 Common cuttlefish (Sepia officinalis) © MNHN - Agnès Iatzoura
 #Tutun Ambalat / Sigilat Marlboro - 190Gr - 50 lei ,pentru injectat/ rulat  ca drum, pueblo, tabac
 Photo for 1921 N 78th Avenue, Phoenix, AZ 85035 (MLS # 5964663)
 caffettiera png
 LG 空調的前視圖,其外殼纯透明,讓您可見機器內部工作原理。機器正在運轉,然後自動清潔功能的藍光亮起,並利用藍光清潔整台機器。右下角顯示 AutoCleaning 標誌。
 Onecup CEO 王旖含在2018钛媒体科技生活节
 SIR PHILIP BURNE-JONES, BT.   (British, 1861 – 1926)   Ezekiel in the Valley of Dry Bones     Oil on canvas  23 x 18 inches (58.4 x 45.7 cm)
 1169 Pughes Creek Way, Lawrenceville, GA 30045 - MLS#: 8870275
────────
ACTIVITY
Reproduce each line, exactly as it appears, from the one that contains "SIR PHILIP BURNE-JONES, BT." through the last line of the records. Add no other lines.

RESULT OF THE EXERCISE
 SIR PHILIP BURNE-JONES, BT.   (British, 1861 – 1926)   Ezekiel in the Valley of Dry Bones     Oil on canvas  23 x 18 inches (58.4 x 45.7 cm)
 1169 Pughes Creek Way, Lawrenceville, GA 30045 - MLS#: 8870275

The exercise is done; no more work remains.